AUSTRALIA’S NON-EXISTENT HIGH SPEED RAIL

The Melbourne-Canberra-Sydney-Brisbane high-speed rail (HSR) proposal requires agreement on the method of funding. State, ACT and Commonwealth governments have common interest in providing a modern alternative to currently inadequate rail and air transportation on this intensively busy route. However, proposals to tax lands and towns adjacent to the HSR route are unduly restrictive and costly. The funding impasse seems to explain inaction on what constitutes an essential Australian infrastructure project. 

To stronger or lesser degrees, HSR would increase land values across the whole of Eastern Australia. For cost efficiency, therefore, it should be the federal government which funds the project – as with the 1917 Trans-Australian Railway.
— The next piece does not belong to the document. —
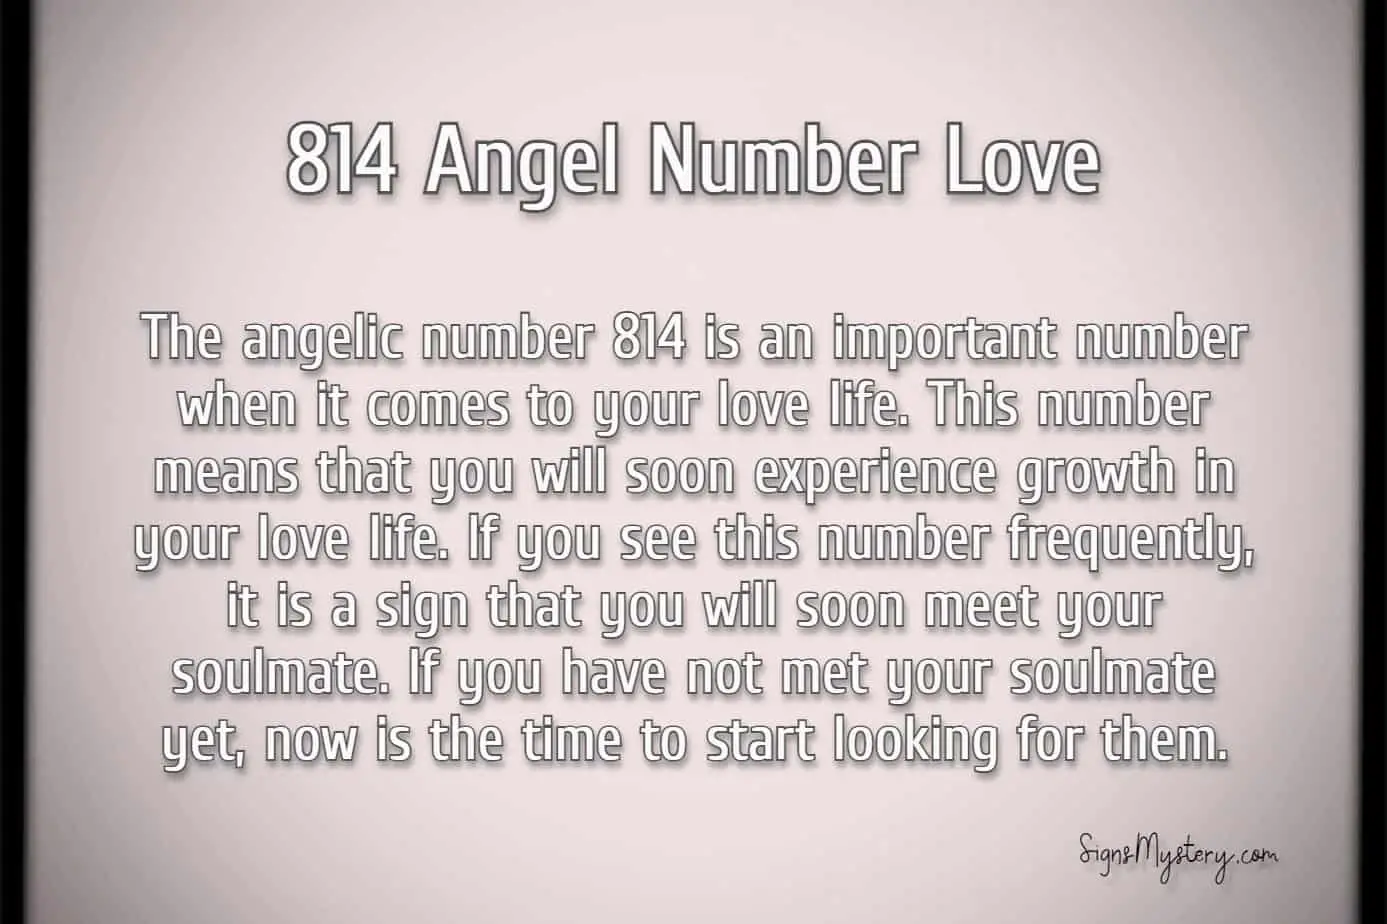 814 angel number love

This could be done with the governments of Victoria, the Australian Capital Territory, New South Wales and Queensland cooperating by providing the use of their municipalities’ current site value assessments in which increased value from the HSR would be reflected nicely, if ‘hidden’ within their land valuations. A flat rate federal charge on site values, using municipal site valuations, could be levied along with income tax assessments, or separately in monthly instalments.

The Commonwealth government has the power to levy such a tax, as shown by the former federal land tax from 1910 to 1952, and the federal government clearly has an overriding interest in having the HSR project completed successfully. HSR fares would then be a matter of agreement between the states and the ACT. It would be a welcome offset if such a federal levy were to be introduced along with the Henry Tax Review’s proposals to abolish less worthy state and federal taxes.